:: Given entries ::

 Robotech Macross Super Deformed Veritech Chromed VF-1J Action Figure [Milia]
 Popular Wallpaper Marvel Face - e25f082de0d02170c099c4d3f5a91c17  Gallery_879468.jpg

:::
:: Given entries ::

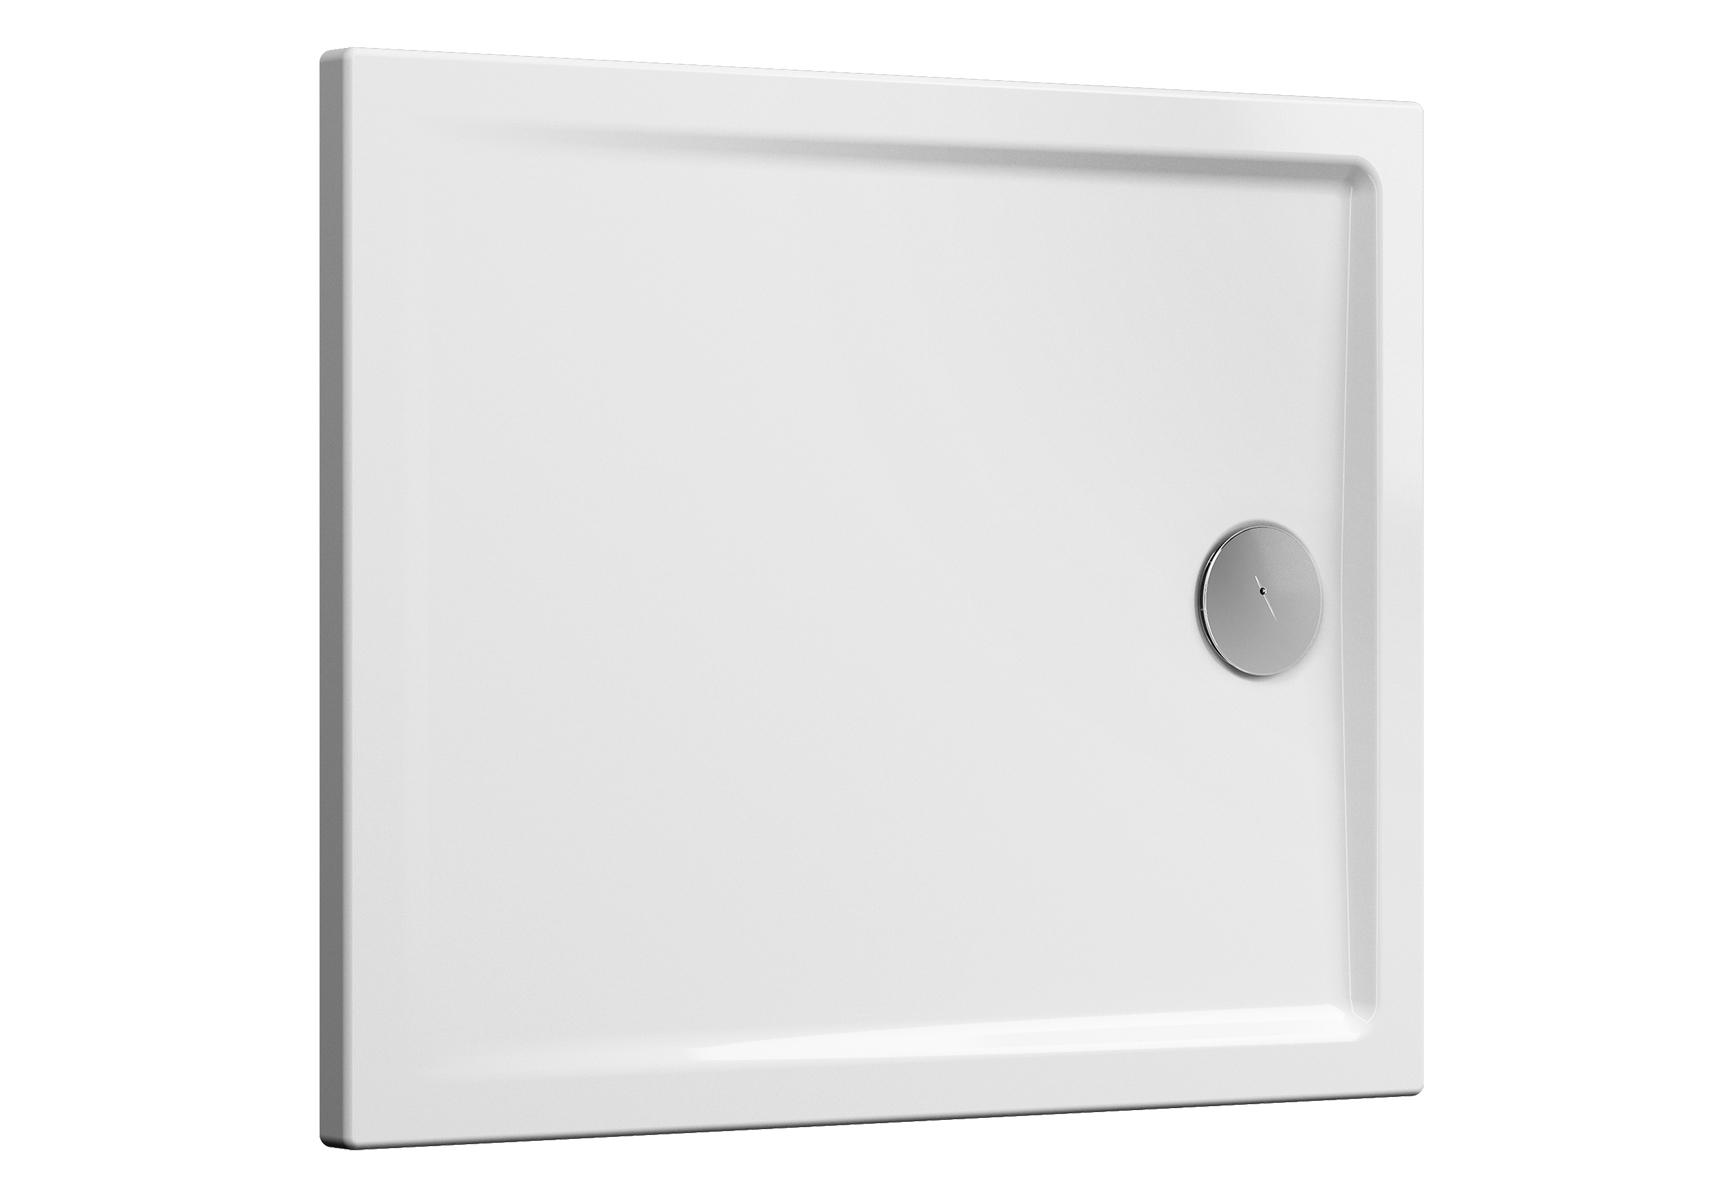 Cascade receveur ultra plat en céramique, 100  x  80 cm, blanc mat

:::

*Work order*
Look above for the line with "Robotech Macross Super" and the line with "Popular Wallpaper Marvel". Retype those two lines and every line between them exactly, adding nothing.

*Answer to the problem*
 Robotech Macross Super Deformed Veritech Chromed VF-1J Action Figure [Milia]
 Popular Wallpaper Marvel Face - e25f082de0d02170c099c4d3f5a91c17  Gallery_879468.jpg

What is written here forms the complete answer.